# My New Ride!



## sdw5012 (May 16, 2009)

I finally pulled the trigger tonight on a TCR Advanced 1! The shop was having an anniversary sale and I couldn't pass up the opportunity to pick up this bike at a nice price point. Unfortunately I wasn't planning on buying anything and rode my motorcycle to the shop.....so it's still sitting in the showroom :mad2: and the shop isn't open Wednesdays! 

The TCR was the one bike I never rode. I rode the C'dale Synapse and Supersix, Specialized Tarmac, and a few of the Madones. All I have to say is from the instant I pedaled this bike my mind was made up. I probably looked like a little kid on christmas riding around the parking lot and on the test track with a goofy smile on my face! Can't wait to head back on Thursday and get it all set up!


----------



## sdw5012 (May 16, 2009)

Does anyone know much about the DT Swiss wheels that come stock on the bike?


----------



## Guest (May 3, 2011)

sdw5012 said:


> All I have to say is from the instant I pedaled this bike my mind was made up. I probably looked like a little kid on christmas riding around the parking lot..


That is exactly how I looked after my first ride and right before I bought my TCR Advanced. They are awesome bikes!


----------



## Wildcard (Apr 29, 2011)

Post some pics when you get some, I am still tossing up between the Specialized Tarmac and The Giant TCR Advanced.


----------



## sdw5012 (May 16, 2009)

I'll get some pics Thursday after I pick it up. 

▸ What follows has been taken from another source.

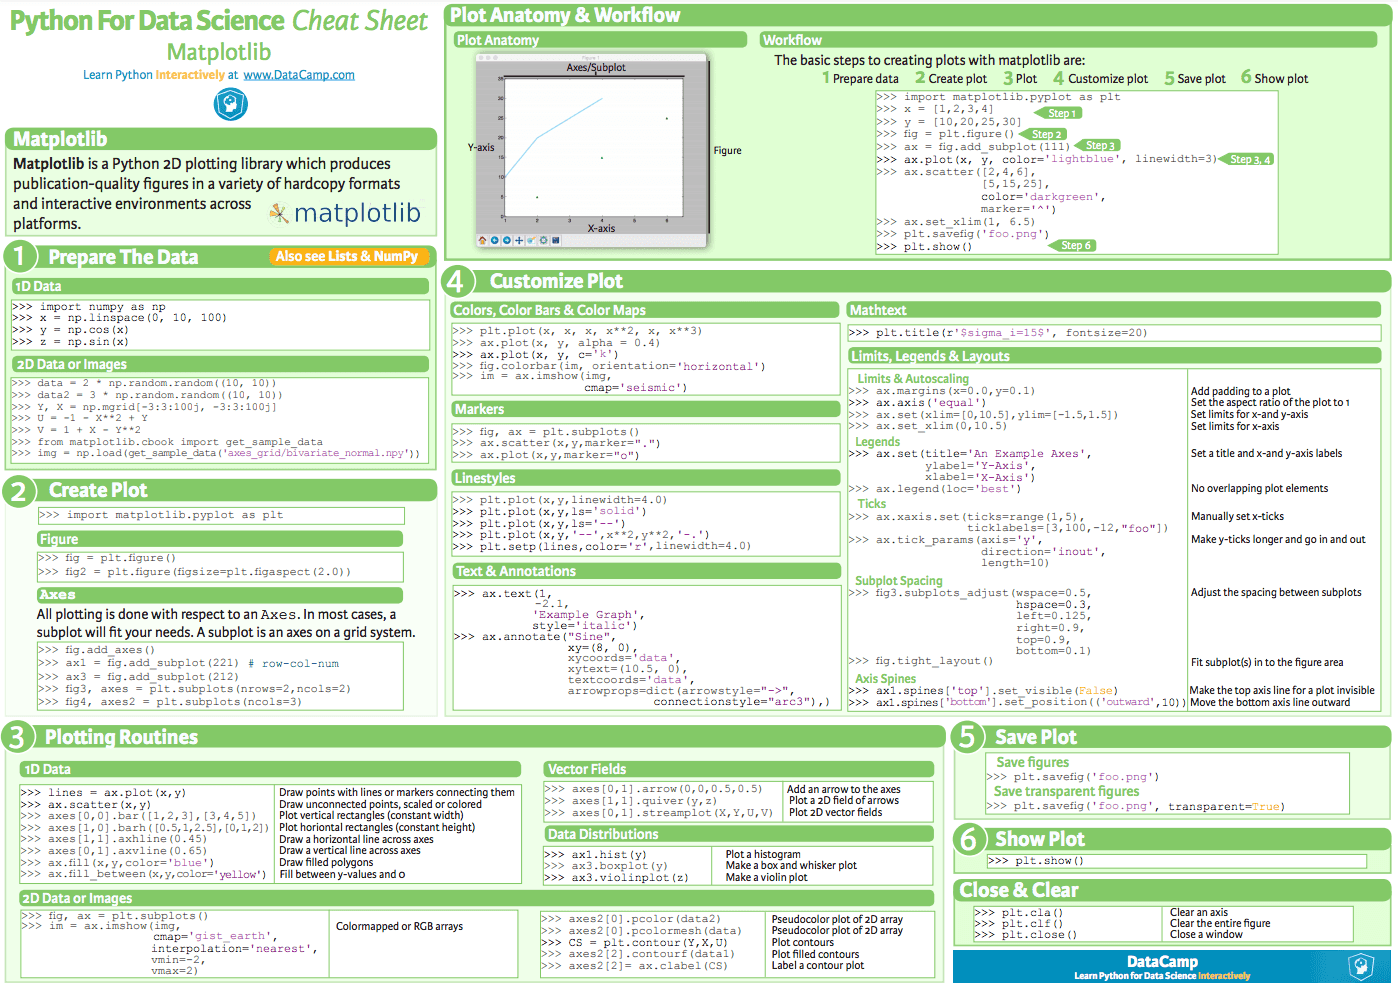 Matplotlib cheatsheet by Datacamp.

Regarding the Tarmac vs the TCR, from my experience on both bikes the TCR seemed stiffer and more responsive. Now this is comparing the TCR 1 to the Tarmac Comp with Rival. I'm not sure how the frames vary between the different levels of that bike and a higher spec Tarmac may provide a different ride.


----------



## sw150 (Jul 29, 2009)

Congrats. I love my TCR. Mine came with Shimano RS80's on it.


----------



## sdw5012 (May 16, 2009)

The only thing that worries me a little is the standard double vs my old bike with a compact crank....anyone else have any experience making this switch?


----------



## Wildcard (Apr 29, 2011)

I was looking at the Tarmac Comp with Ultegra so I would imageine they would be very comparable. Still got a few months before I will have the founds though, so will most likly wait till the 2012 models arrive before I start testing them.


----------



## willieboy (Nov 27, 2010)

Congrats on the new purchase. Giant makes a great bike and I'm sure you will love it. Enjoy!


----------



## sdw5012 (May 16, 2009)

I was looking at the bikes a bit more and I ended up purchasing the Advanced 2. I rode a defy which had the 105 shifters and shimano definitely has upgraded the 105's. I'd say the new 105's are as crisp as the older version of Ultegra (the beauty of trickle down technology). For me racing in an occasional triathlon but mostly as a recreational rider I didn't feel the need for the extra performance (or cost) of the Advanced 1.


----------



## Wildcard (Apr 29, 2011)

Very Nice, only major difference from what I hear is weight between 105 and ultegra. THe white looks good, hope you enjoy it!!


----------



## sdw5012 (May 16, 2009)

Put my first 25 miles on today! It was a combination of riding into work and getting a quick ride in over lunch. The bike is very comfortable! My average speed is already higher than my old bike but that might just be the adrenaline pumping from being on a new bike :thumbsup: .....but I'm thinking I may need to get myself a compact crankset. I believe Giant has their own sizing.....can anyone offer advice on what I'd need? The long extended climbs really got to me today. Not only did my old bike have a compact crank but the cassette went 12-27. This one is 11-25 I think.


----------